- Task to carry out
Return the lines of the data below starting at the one holding "Pin De Mannhar" and ending at the one holding "adult male shikoku", word for word, leaving every picture out.

- Given records

-=-=-

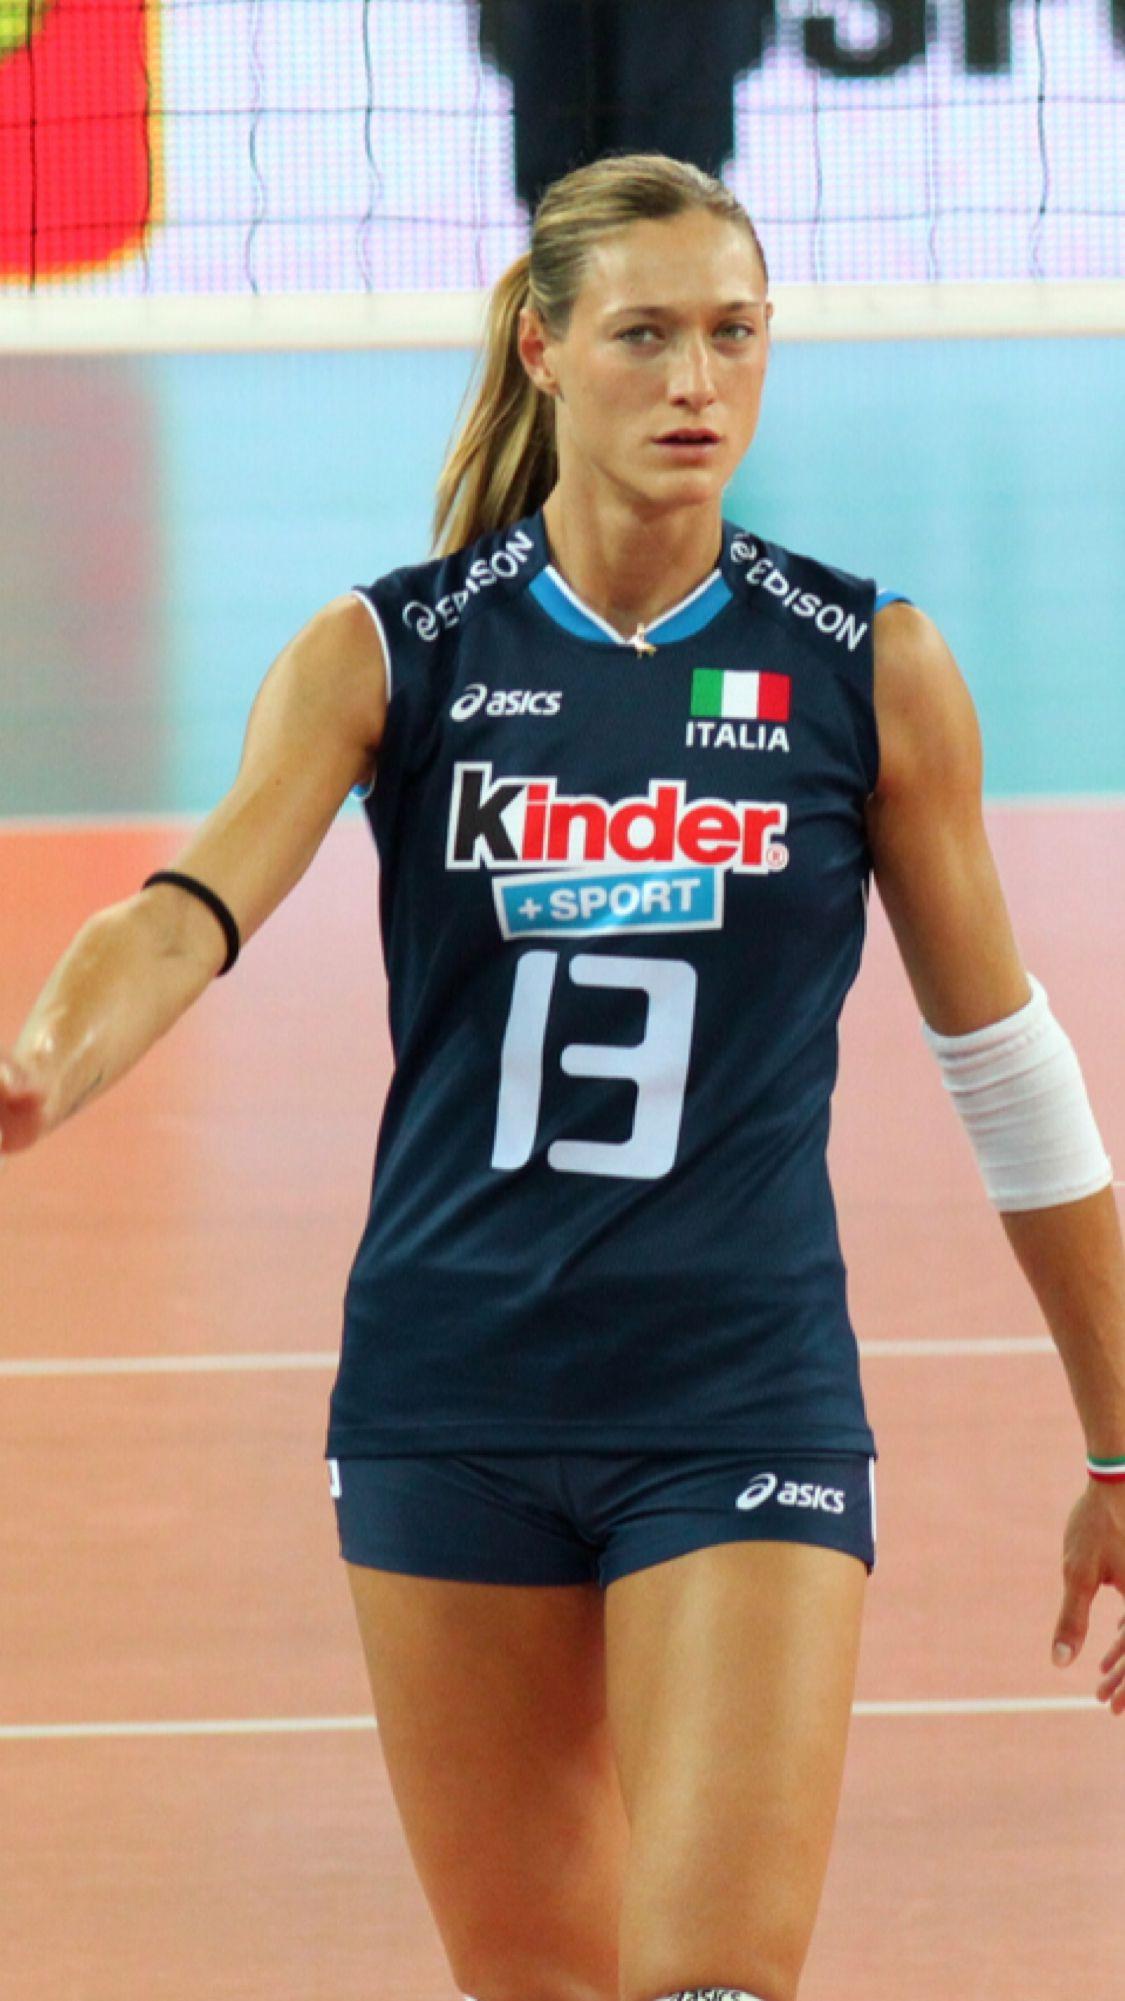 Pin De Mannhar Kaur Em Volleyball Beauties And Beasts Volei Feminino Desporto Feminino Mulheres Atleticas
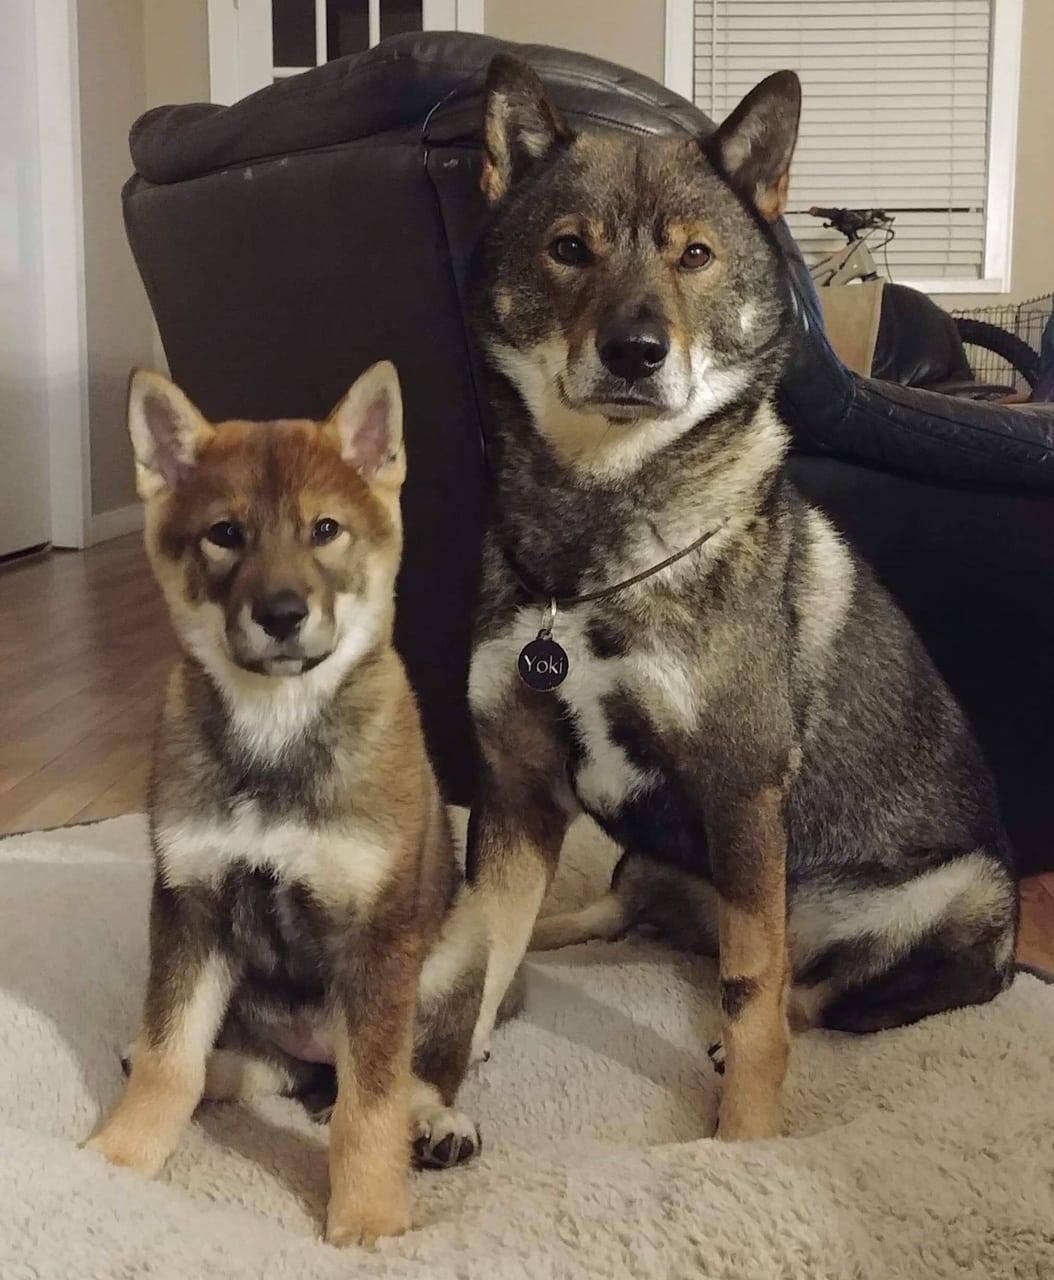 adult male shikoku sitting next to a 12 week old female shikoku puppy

-=-=-

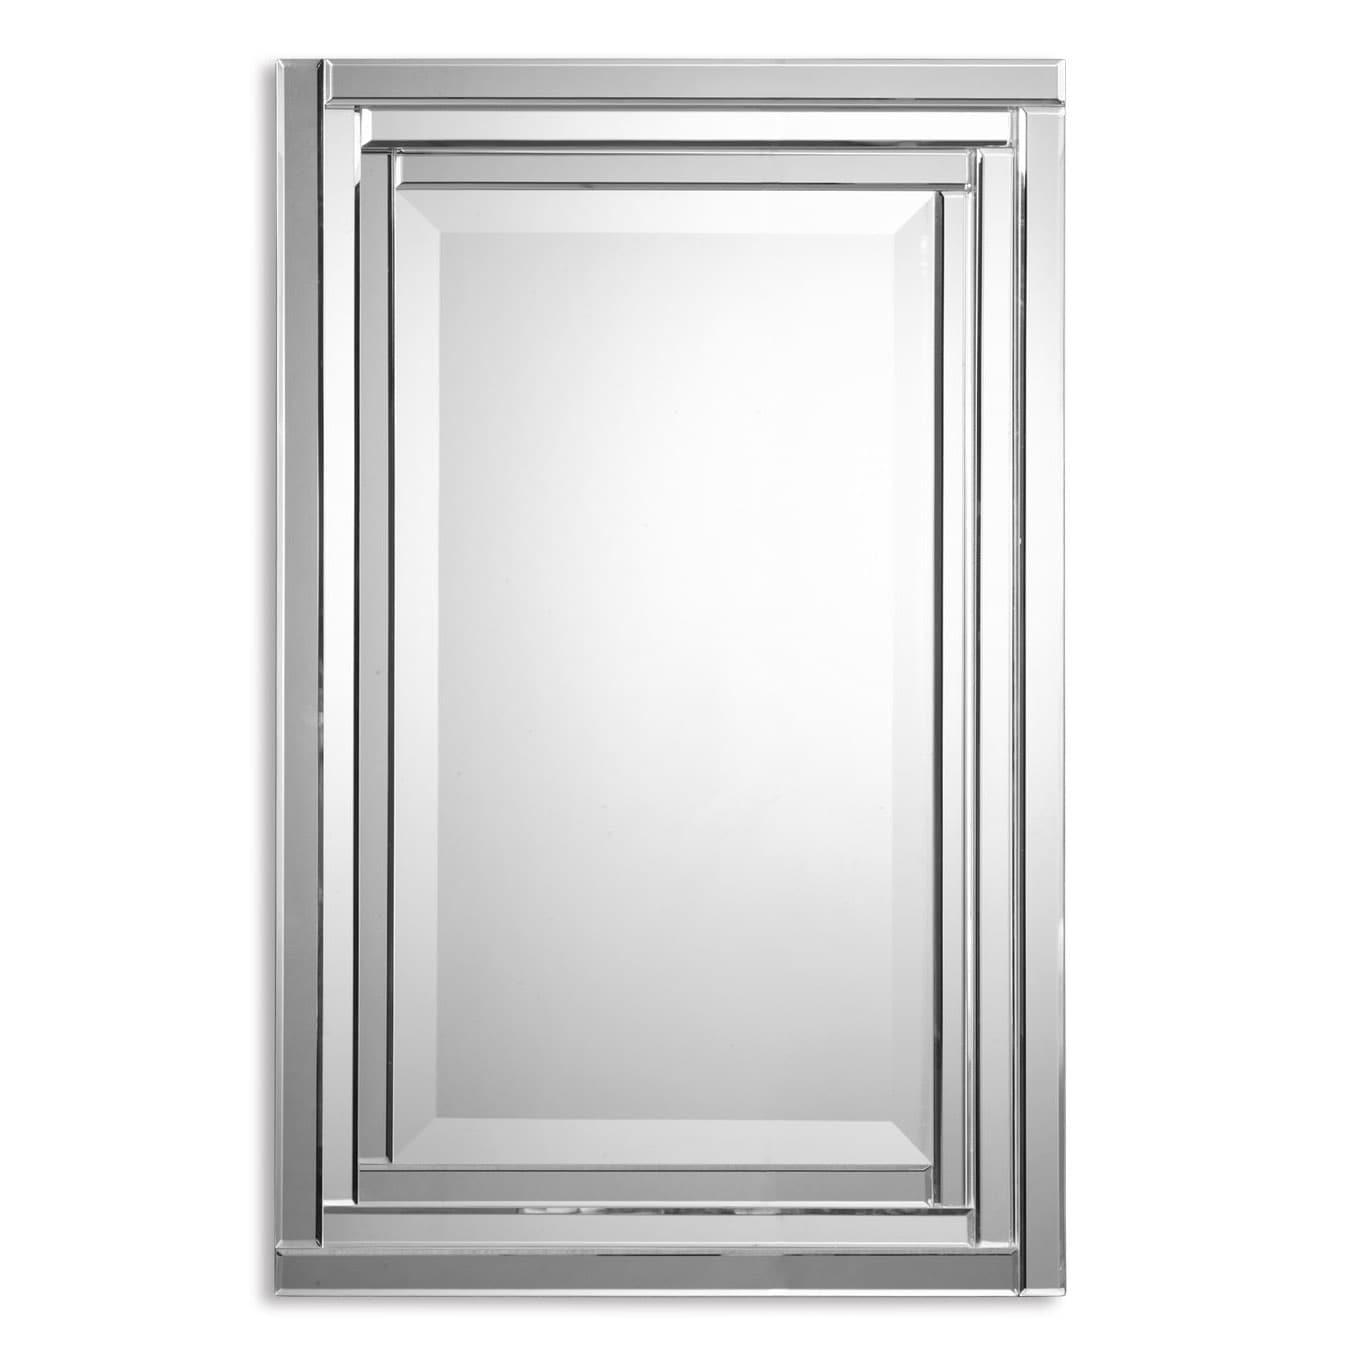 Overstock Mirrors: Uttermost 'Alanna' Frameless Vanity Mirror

-=-=-

- Result for this exercise
 Pin De Mannhar Kaur Em Volleyball Beauties And Beasts Volei Feminino Desporto Feminino Mulheres Atleticas
 adult male shikoku sitting next to a 12 week old female shikoku puppy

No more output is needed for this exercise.